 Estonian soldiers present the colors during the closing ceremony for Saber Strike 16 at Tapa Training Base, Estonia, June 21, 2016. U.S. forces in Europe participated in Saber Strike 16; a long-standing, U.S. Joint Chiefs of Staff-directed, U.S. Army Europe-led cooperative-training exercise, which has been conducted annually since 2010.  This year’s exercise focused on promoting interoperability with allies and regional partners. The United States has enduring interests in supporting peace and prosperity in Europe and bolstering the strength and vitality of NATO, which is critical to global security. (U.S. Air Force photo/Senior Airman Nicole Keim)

* * *

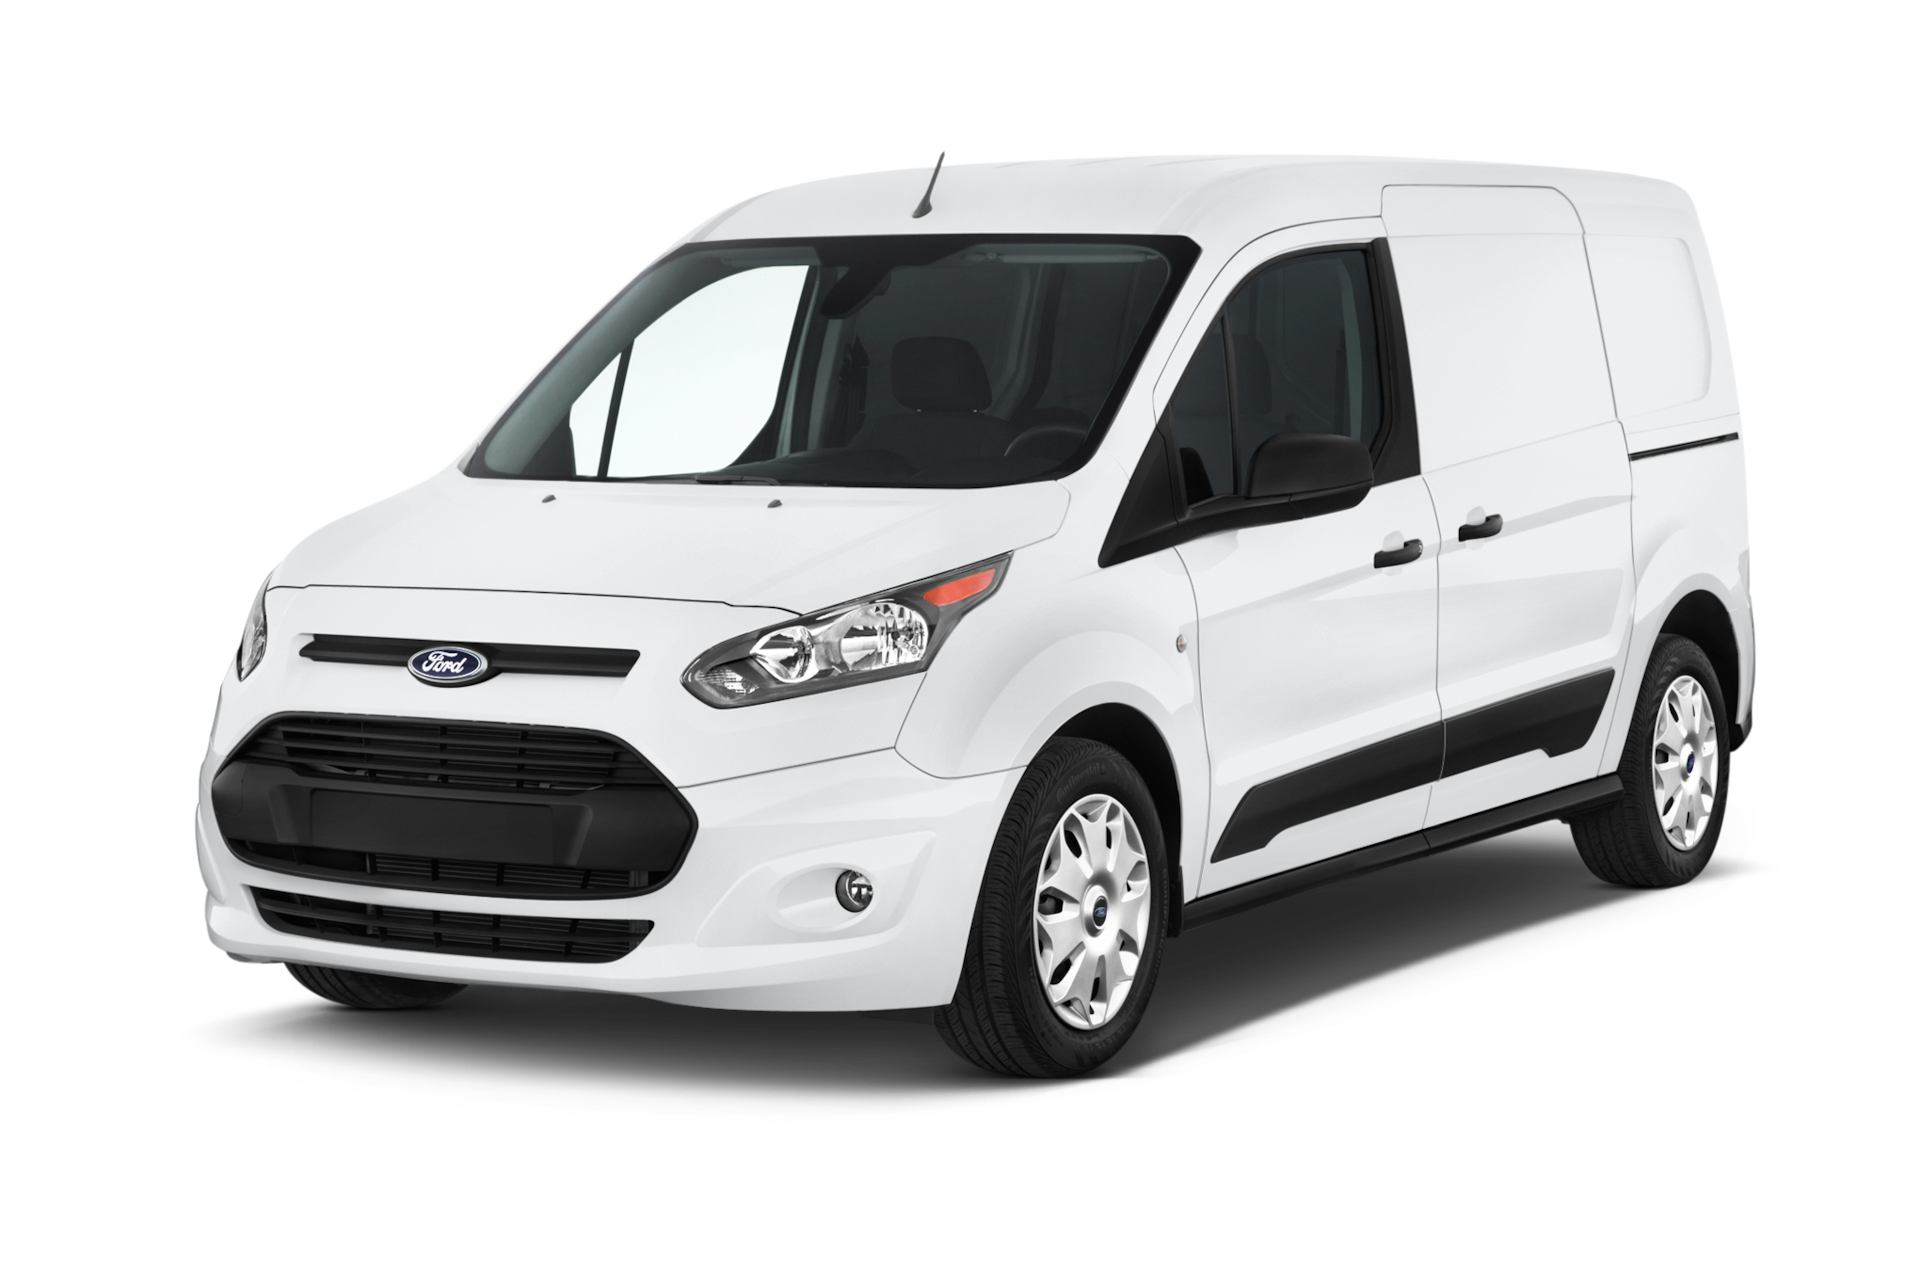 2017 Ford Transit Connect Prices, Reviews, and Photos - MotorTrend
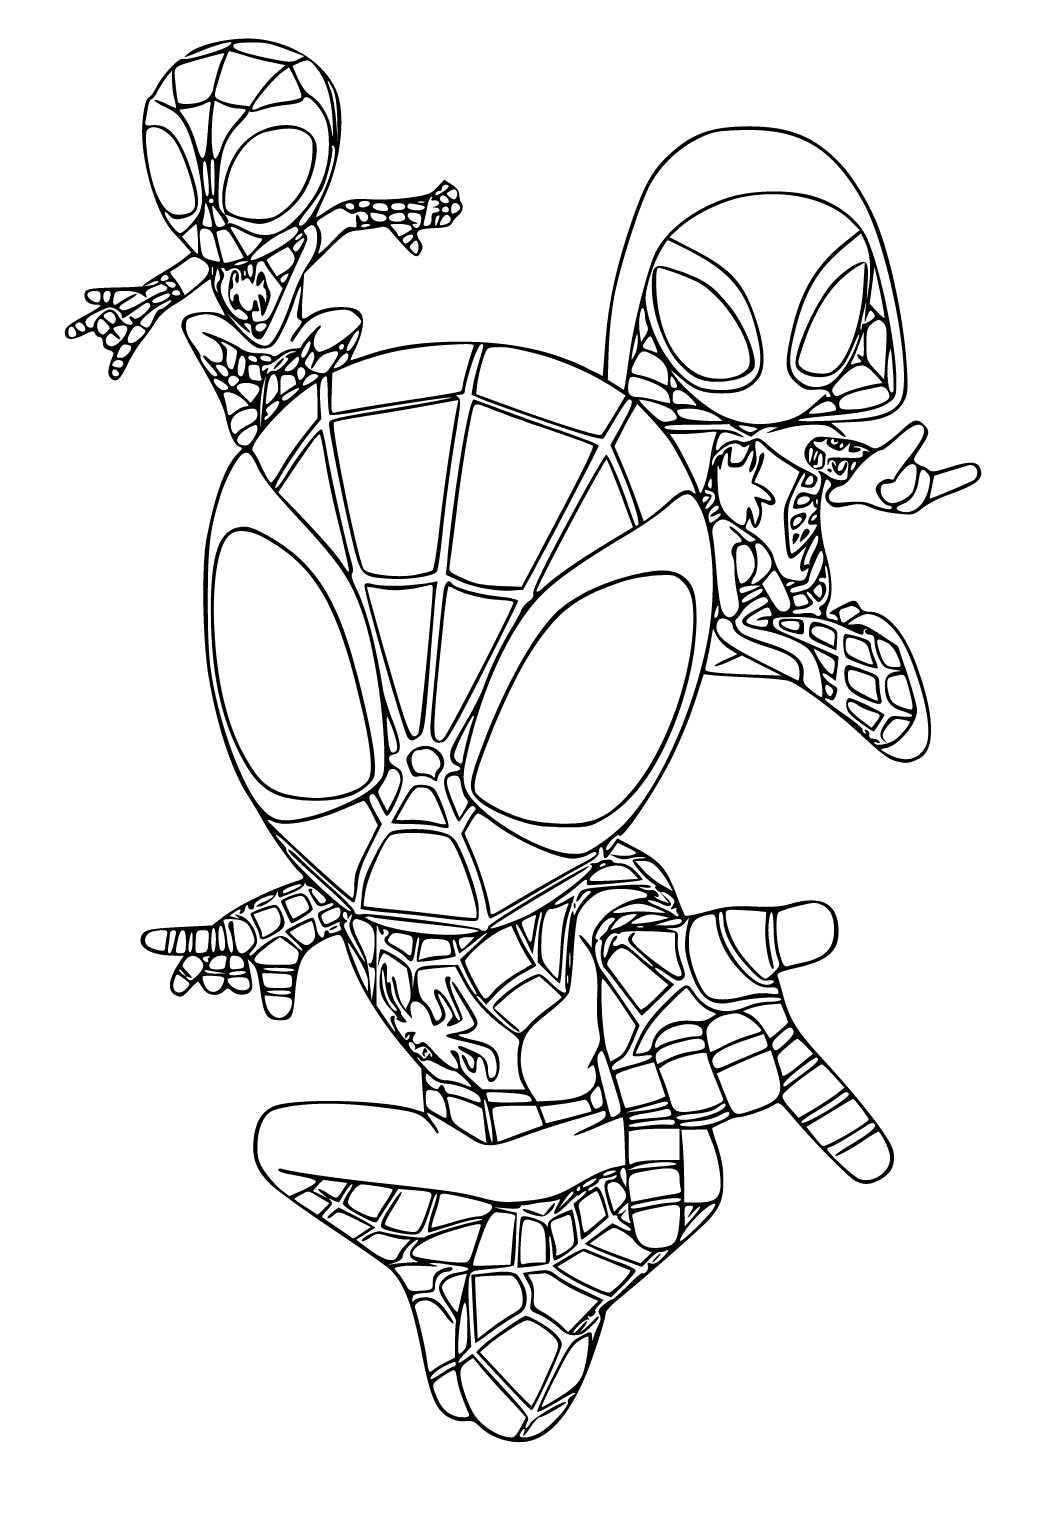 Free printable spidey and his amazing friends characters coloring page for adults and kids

■ TO DO
What you need to produce is an exact copy of the entries above, limited to the lines from the one with "2017 Ford Transit" up to and including the one with "Free printable spidey", without pictures.

■ COMPLETED EXERCISE
 2017 Ford Transit Connect Prices, Reviews, and Photos - MotorTrend
 Free printable spidey and his amazing friends characters coloring page for adults and kids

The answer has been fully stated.